[Date Prev][Date Next][Thread Prev][Thread Next][Date Index][Thread Index]

[HTCondor-users] Issues with transferring files from URLs



A couple of questions, maybe bugs.


(1) Running a personal condor (8.0.7), given the following submit file (foo.sub) with the input from a URL:

universe = vanilla
executable = /bin/sh
arguments = "'-c' 'cat condor_submit.html'"
transfer_executable = no
transfer_input_files = http://research.cs.wisc.edu/htcondor/manual/current/condor_submit.html
output = foo.out
error = foo.err
queue

I find that the file is not transferred at all. foo.err says:

    cat: condor_submit.html: No such file or directory

The documentation says:

"For vanilla and vm universe jobs only, a file may be specified by giving a URL, instead of a file name. The implementation for URL transfers requires both configuration and available plug-in."

but these are indeed present (/etc/condor/condor_config has FILETRANSFER_PLUGINS which includes /usr/lib/condor/libexec/curl_plugin)

WORKAROUND: I was able to make it work by setting "should_transfer_files = yes".

However, is this right? Surely a URL should always be fetched, regardless of whether or not you are in the same filesystem domain, since URLs don't appear in the filesystem anyway?



(2) Given a unimplemented URL scheme (like "https"), I found a difference between my test personal condor node and my production condor node. The former would leave the job idle because of a classAd matching condition which was never true:

1 ( TARGET.HasFileTransfer && stringListMember("https",HasFileTransferPluginMethods) )

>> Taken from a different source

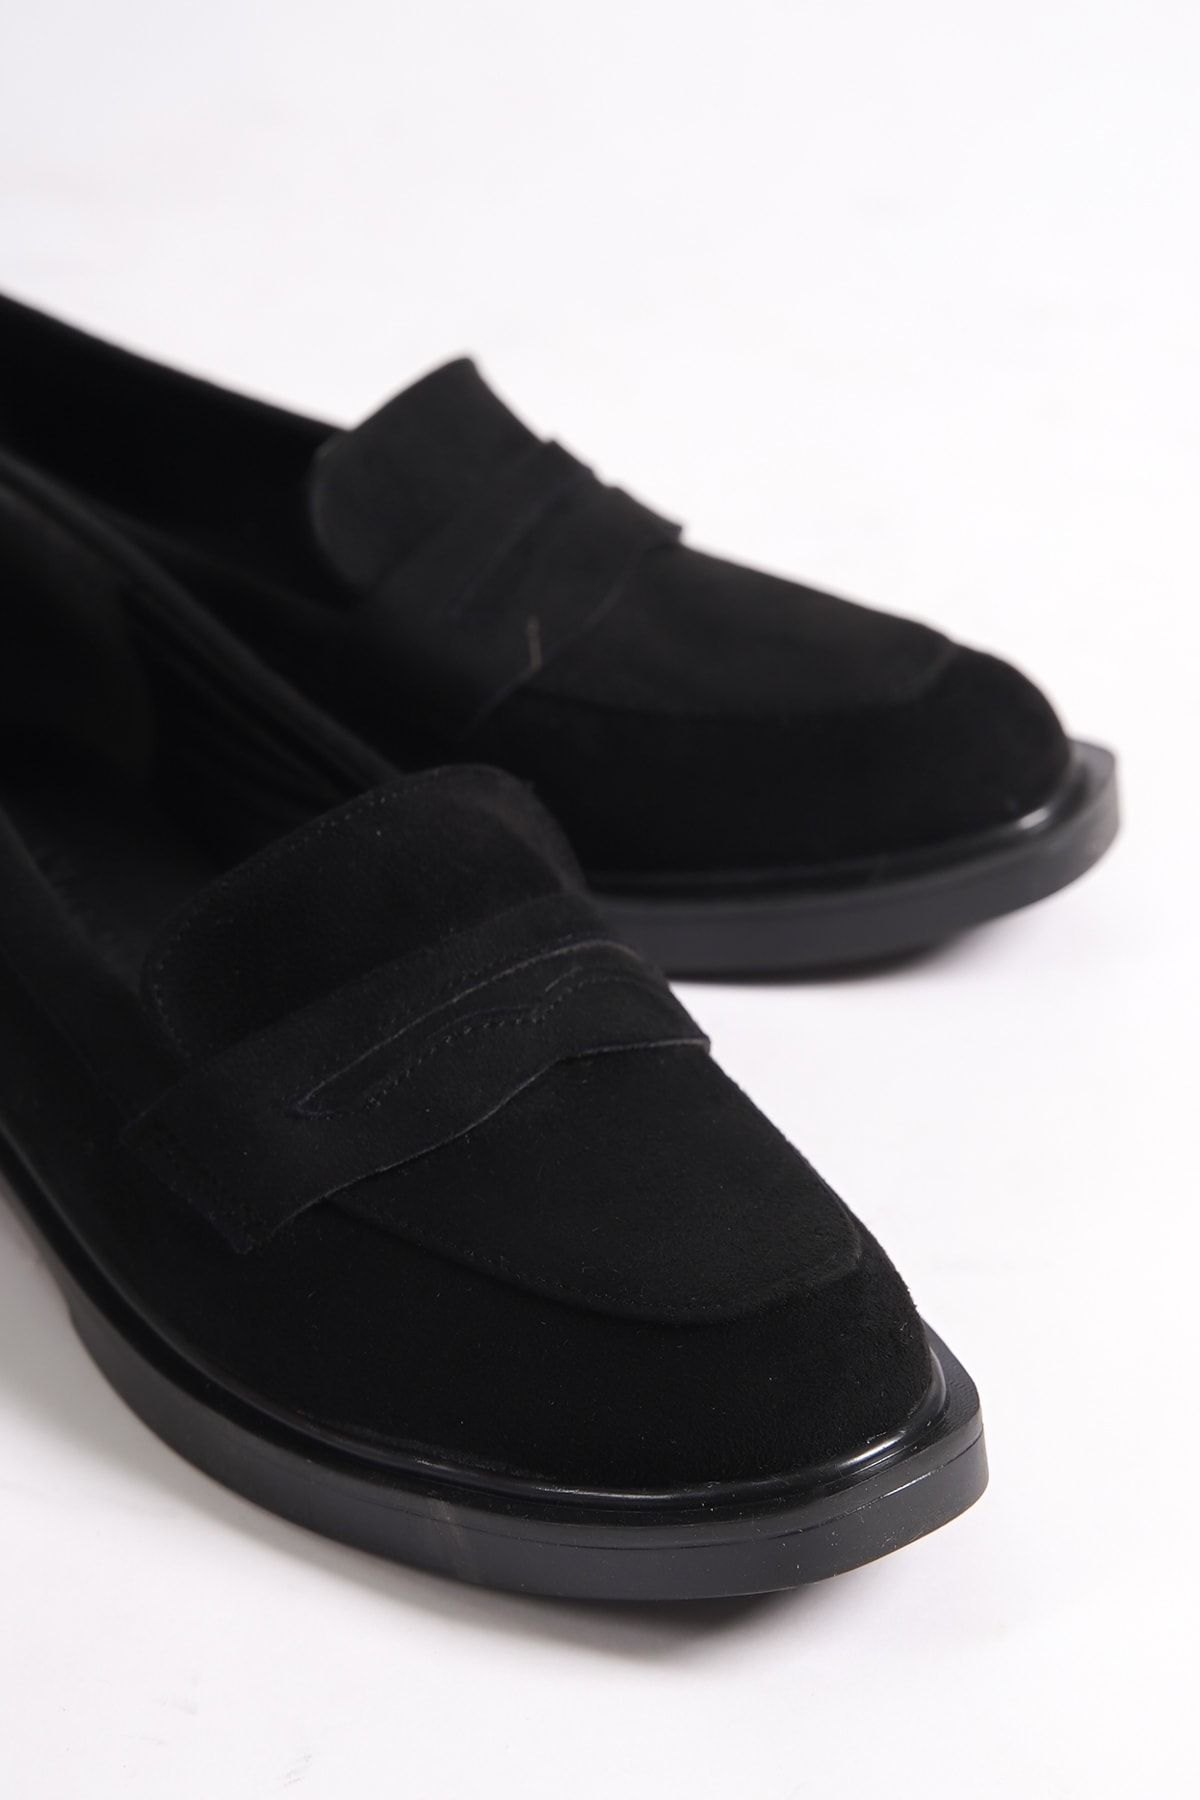 Shoesers Kadın Loafer Fiyonk Detaylı Süet Makosen Günlük Ayakkabı Siyah (KALIPLAR 1 NUMARA DARDIR.)

but the latter puts the job into a "held" (H) state, saying

Hold reason: Error from slot1@xxxxxxxxxxxxxxxx: STARTER at 192.168.6.42 failed to receive file /var/lib/condor/execute/dir_24716/xxxx.xxxx: FILETRANSFER:1:FILETRANSFER: plugin for type https not found!

(Aside: if a plugin for https is not present, wouldn't it be better to abort the job rather than put it into a 'held' state indefinitely, as this isn't a condition which is likely to fix itself?)

Anyway, I managed to drill down to find the difference, and it turns out to be different behaviour depending on whether you set

    should_transfer_files = if_needed

or

    should_transfer_files = yes

I cannot find this behaviour documented anywhere. Looking at

http://research.cs.wisc.edu/htcondor/manual/current/2_5Submitting_Job.html#SECTION00354000000000000000

it says the default value is "should_transfer_files = if_needed" and this will enable the file transfer mechanism if the machines are in different filesystem domains. This implies to me that if the machines are in different filesystem domains this should behave the same as "should_transfer_files = yes", but actually the generated requirements expressions are different in these two cases.

You can reproduce it with the following test case:

---- bar.sub ----
universe = vanilla
executable = /bin/sh
arguments = "-c true"
transfer_executable = no
transfer_input_files = https://example.net/
should_transfer_files = if_needed
#should_transfer_files = yes
error = bar.err
requirements = ( TARGET.Machine == "nonexistent" )
queue
--------

Submit with "condor_submit bar.sub" then use "condor_q -analyze <pid>"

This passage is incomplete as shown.